Following the Emancipation of 1838, freed slaves, who scantly understand the concept of freedom find themselves “with acres of rock and cactus”. Unable eke out a living from the barren land, freed black people find themselves back on white estates as labourers. Davie argues: “I do no’ say that they did wisely by leaving the land to starve while they lay in the sun; but show me the one who can say that men who ha’ been bonded for two hundred years, without wages, without rest, and under the lash, would act with wisdom when at long last the chains ha’ been struck off?

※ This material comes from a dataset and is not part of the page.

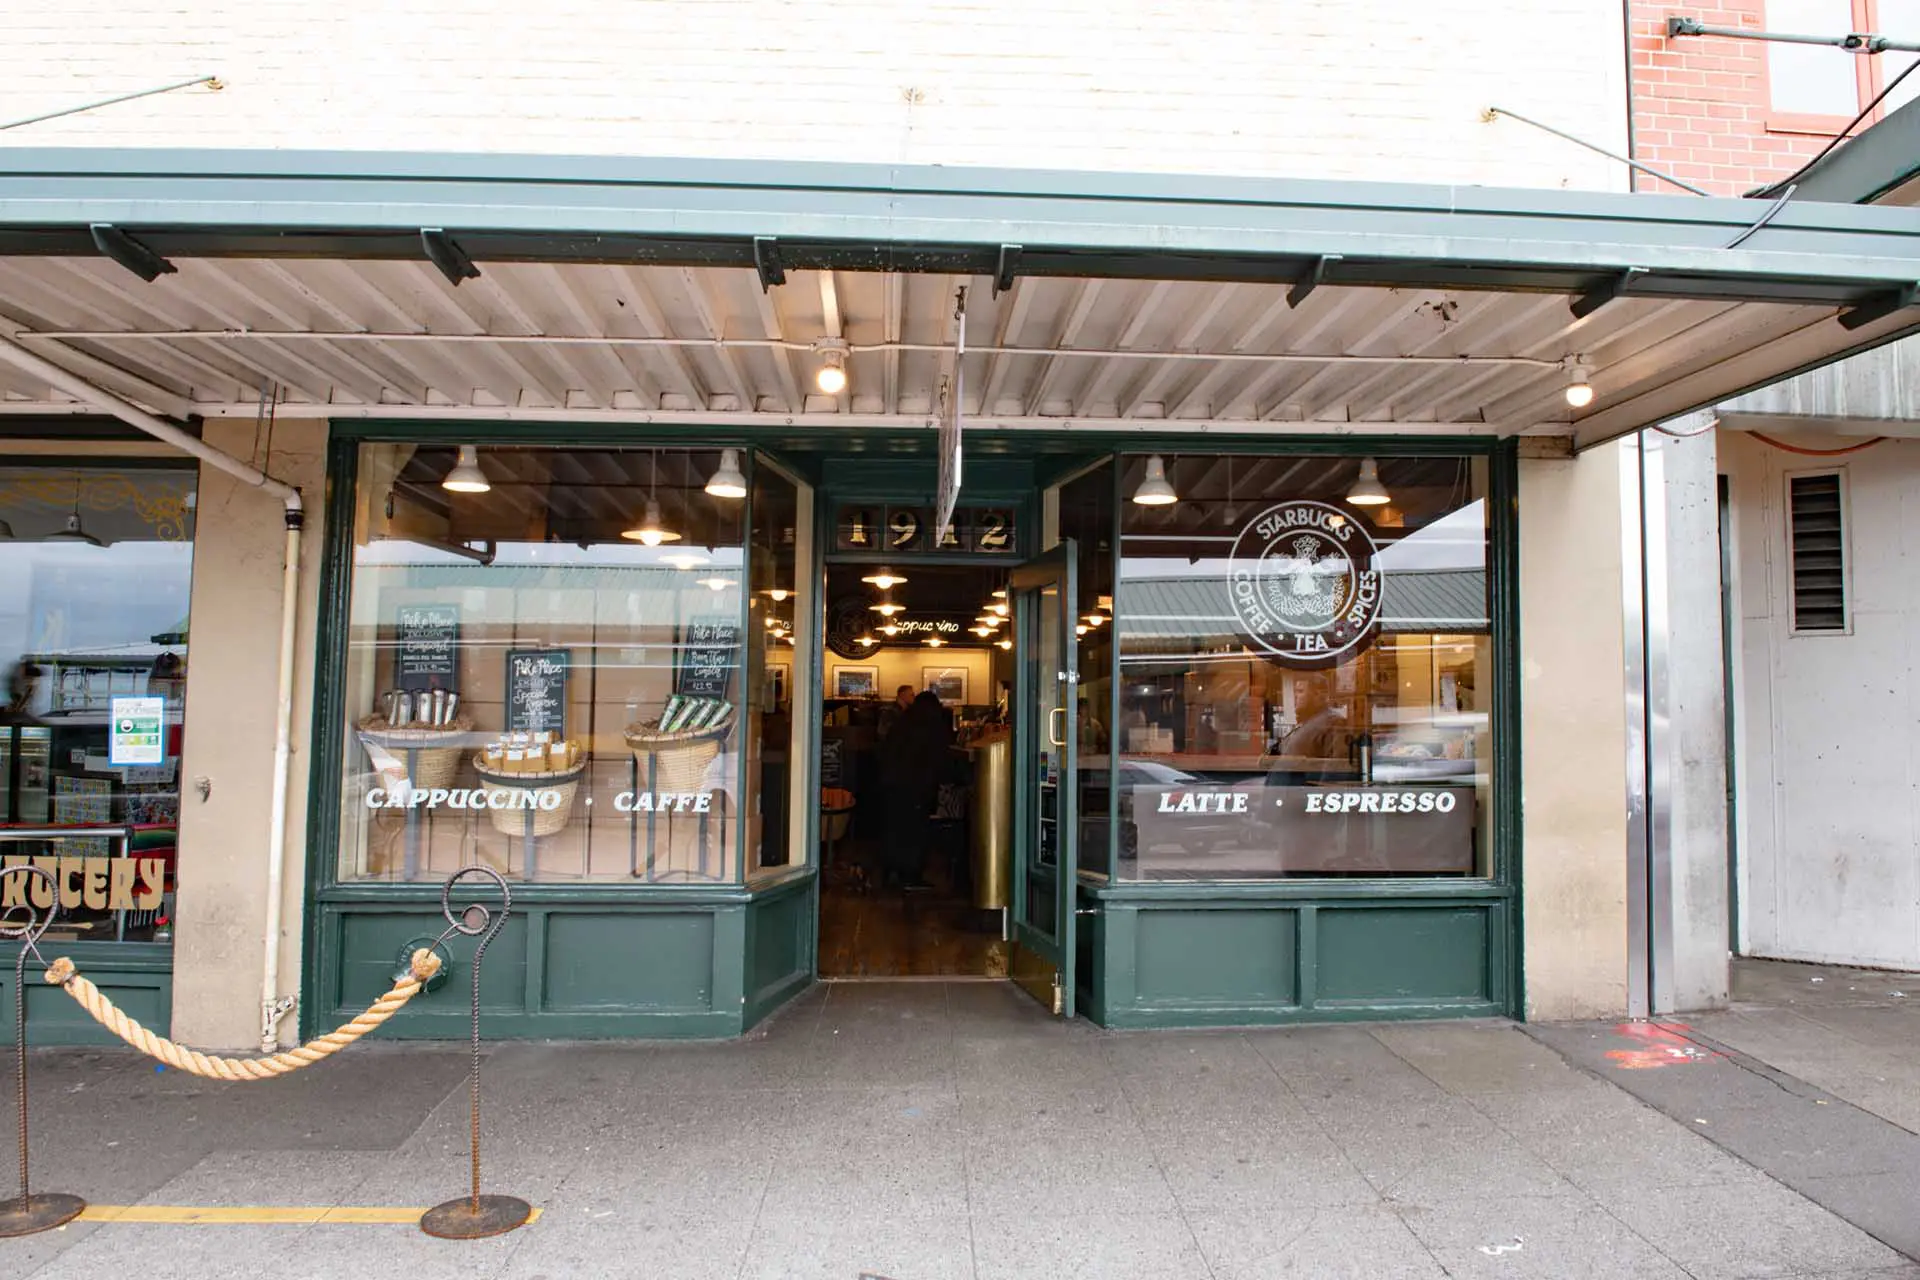 The First Starbucks - Pike Place Market

“Show me the one Your Honours?”

Indeed, such a man treads not the world. Freedom means more than just being free. Freedom comes with its own challenges, which is the reason why Booker T. Washington advocates “casting the bucket where you are”, until freedom begins to make sense.

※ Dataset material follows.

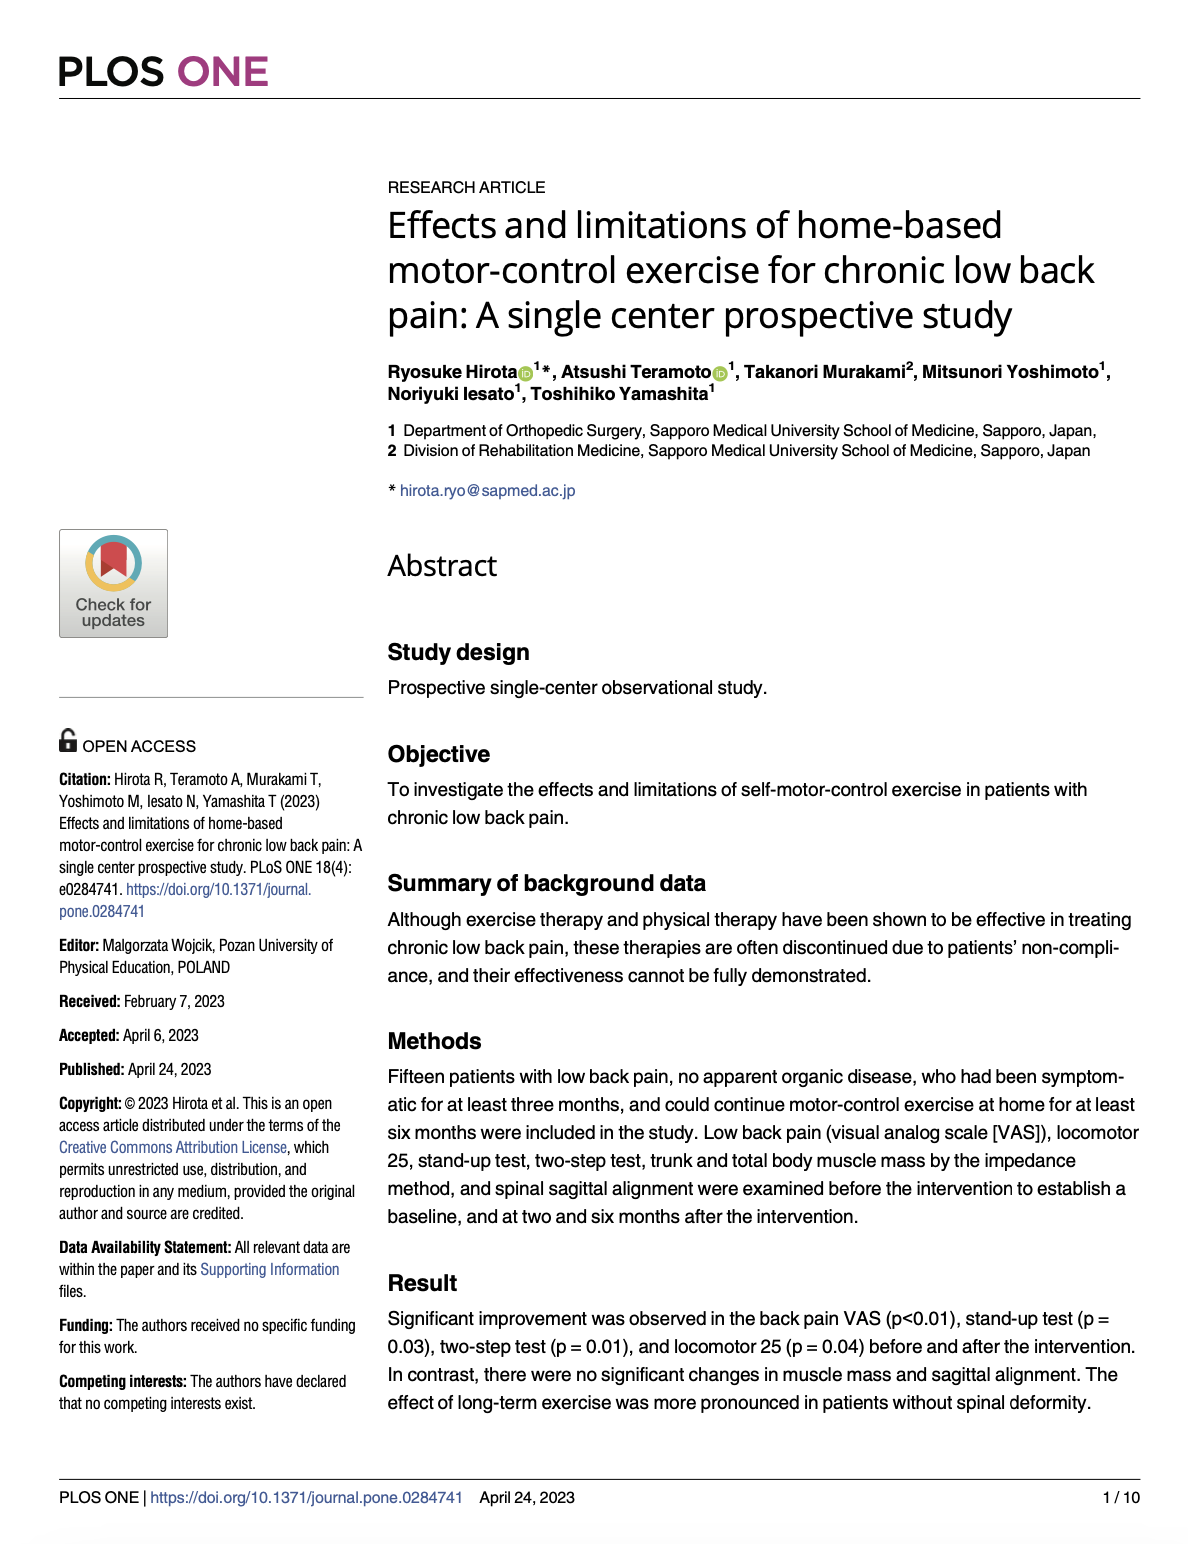 Effects and limitations of home-based motor-control exercise for chronic low back pain: A single center prospective study

Williams’ claim that the land, being abundant, a distinction should be made between free labour and coerced labour to determine profitability, in economic terms and not racial terms, finds a taker in Reid’s David. Realising that their poor land could not yield anything, they laboured on “buckras’ estates”, and “saved, so till one after another they bought their own pieces o’ good land which had no rocks and cactus”.

Wakefield, Merivale and Cairnes’ cited in Williams (1944) posit that where land is cheap and abundant “the natural inclination” to work on one’s piece of land as opposed to paid labour, becomes paramount, thus, voluntary labour becomes scarce. Consequently, coerced labour becomes the only way to go (Williams 1944).

David concurs thus: “One after t’other they became their own landmasters, and leave buckra estates. That time, then, there is no labour, and there is making of new laws in the House of Assembly, which will prevent people getting good land to buy, so they will return to buckra estates. There is even talk among the plantermen of bringing indentured labour from India and China”.

Reid, therefore, is in agreement with Williams’ view that slavery in the Americas and the West Indies, like colonisation in Africa was a matter of “a specific question of time, place, labour and soil,” with nothing to do with race, inferiority complexities and climate.

Land is a people’s inheritance, without which they are robbed of geographical and spiritual spaces, as Nilene Omodele Adeoti Foxworth’s writes in “Bury me in Africa” (1978): “A people without land are like cattle on naked ground with nothing to graze – they mope around hopelessly.

Davie, the rebel with a cause fearlessly drives his point home at the Inquiry: “Representative government will come back to our island one day, one day. And mark me Your Honours, there will be no buckras making the laws then, but the said poor like whom they have killed, and a Governor of the people will be sitting in St. Jago. For we will ha’ learnt that sympathy for the poor must come from the poor. Then who can say that time that St. Thomas people died in vain?”

How prophetic that Davie’s grandson Garth should become an enlightened rebel to lead the Jamaican people to Independence as the first black Governor in 1944! Chenjerai Hove avers in Palaver Finish (2002) that the best way to know of a people’s history is not to visit history books, but literary works, because fiction is not fiction. It is a true record of historical events.